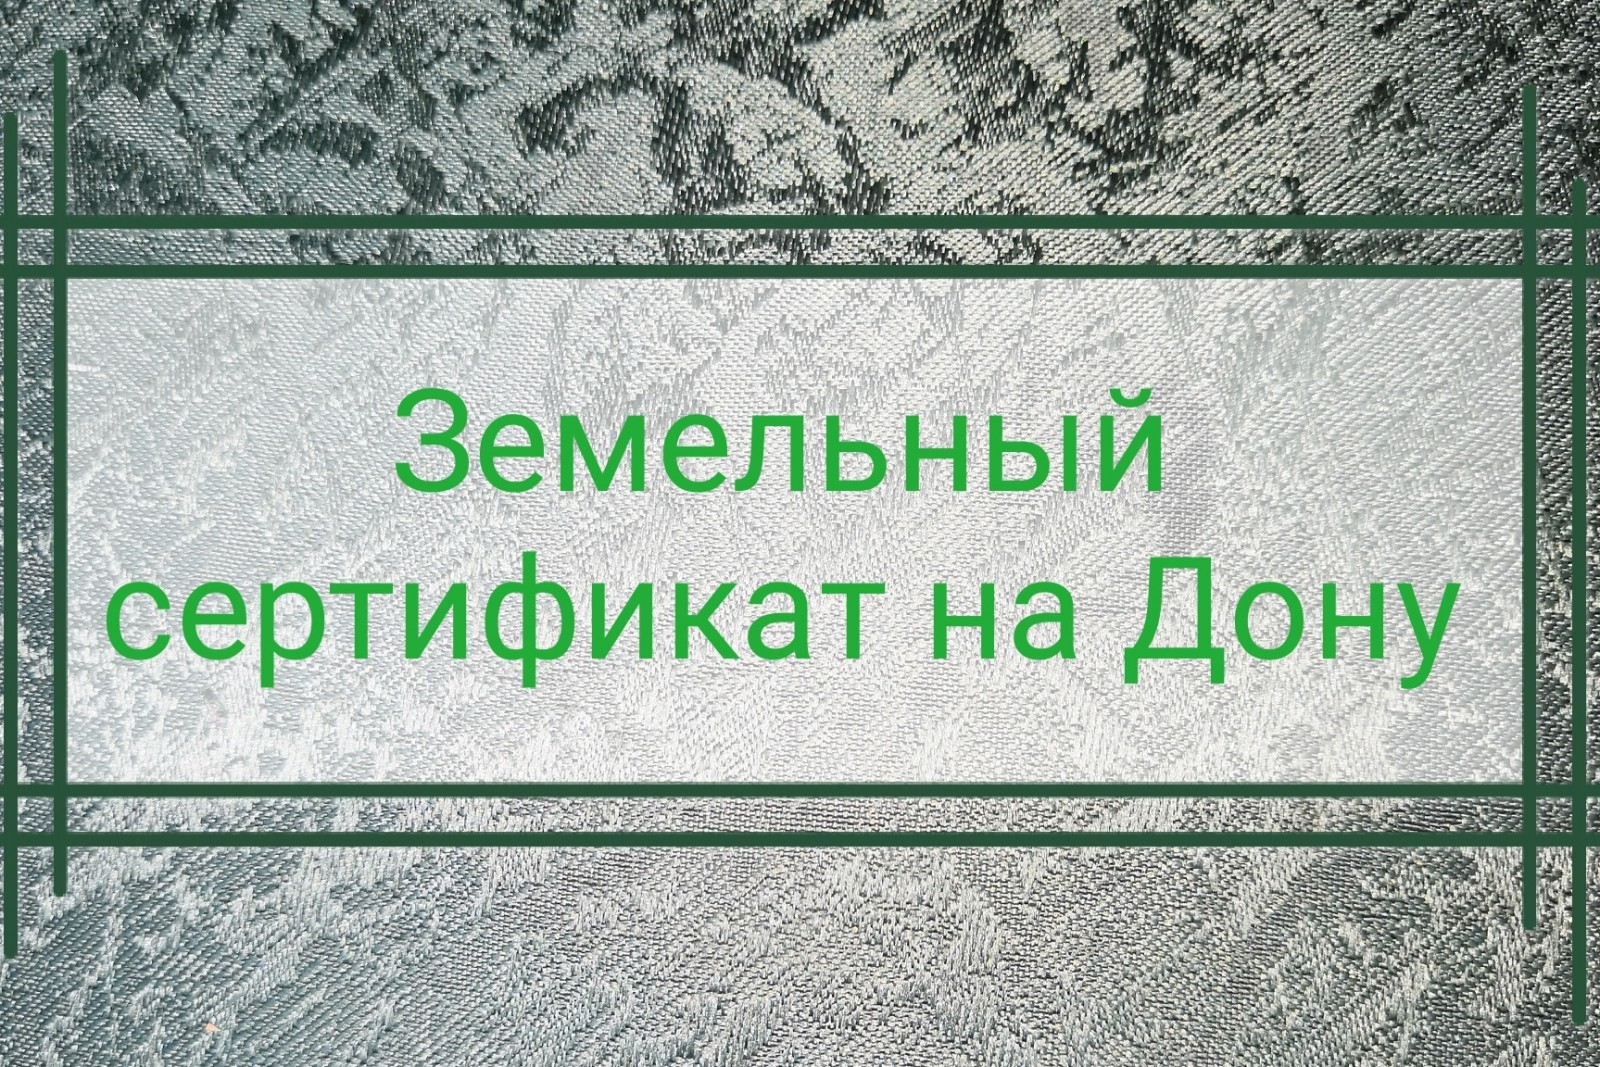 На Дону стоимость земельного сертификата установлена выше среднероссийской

☆ ☆ ☆ ☆ ☆

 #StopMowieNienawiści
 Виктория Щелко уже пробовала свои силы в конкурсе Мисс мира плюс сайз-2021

☆ ☆ ☆ ☆ ☆

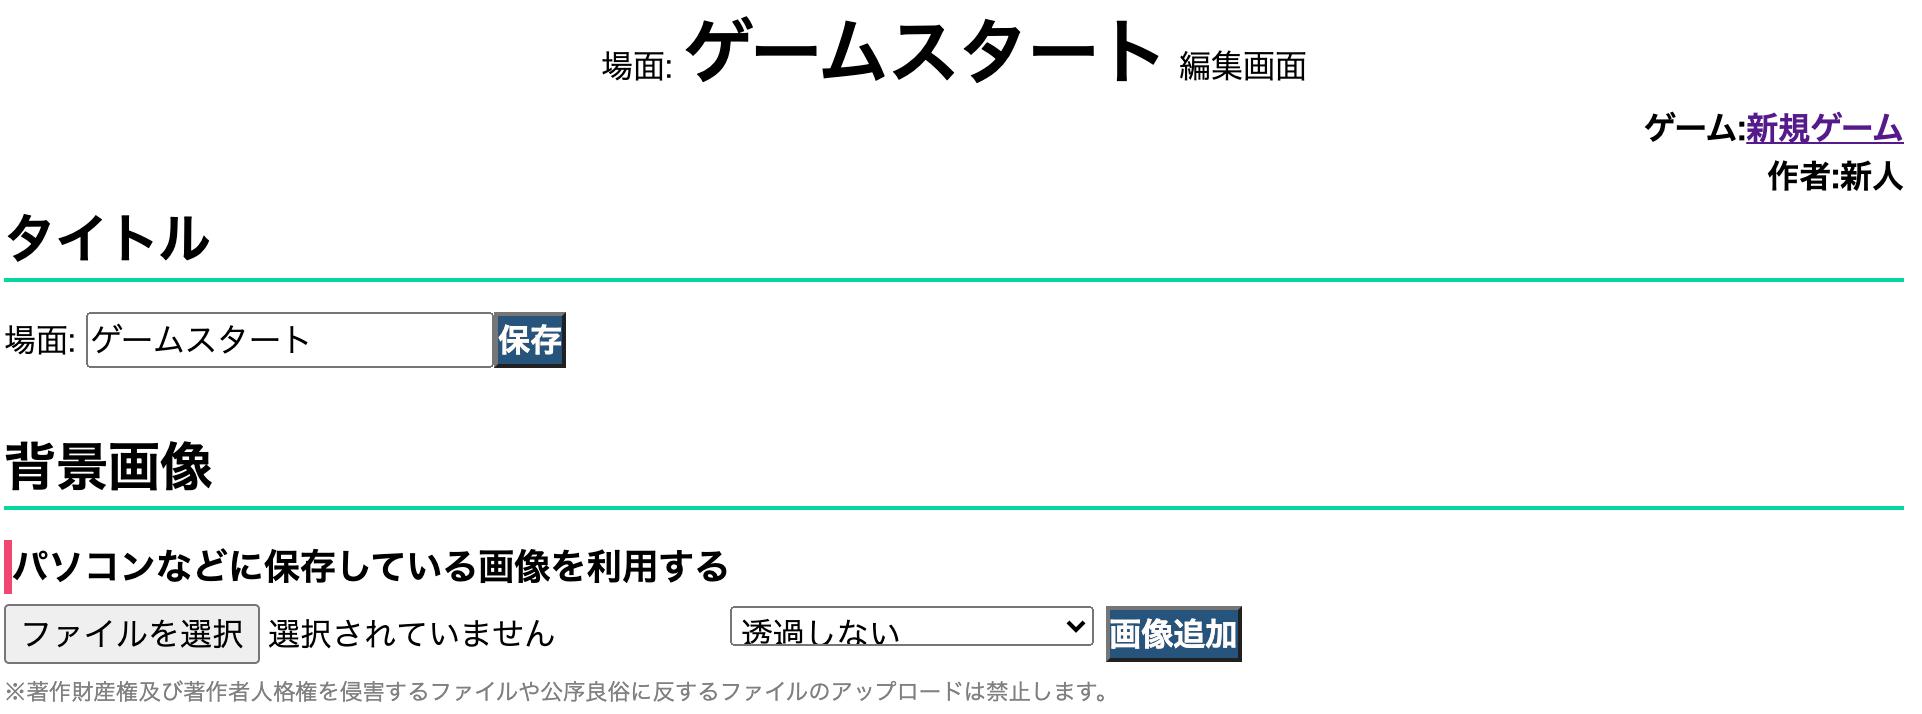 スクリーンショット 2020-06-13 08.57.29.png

☆ ☆ ☆ ☆ ☆

**ABOUT THIS TASK**
For the lines above, output exactly those from the line containing "#StopMowieNienawiści" through the line containing "Виктория Щелко уже", and skip the others.

**RESULT**
 #StopMowieNienawiści
 Виктория Щелко уже пробовала свои силы в конкурсе Мисс мира плюс сайз-2021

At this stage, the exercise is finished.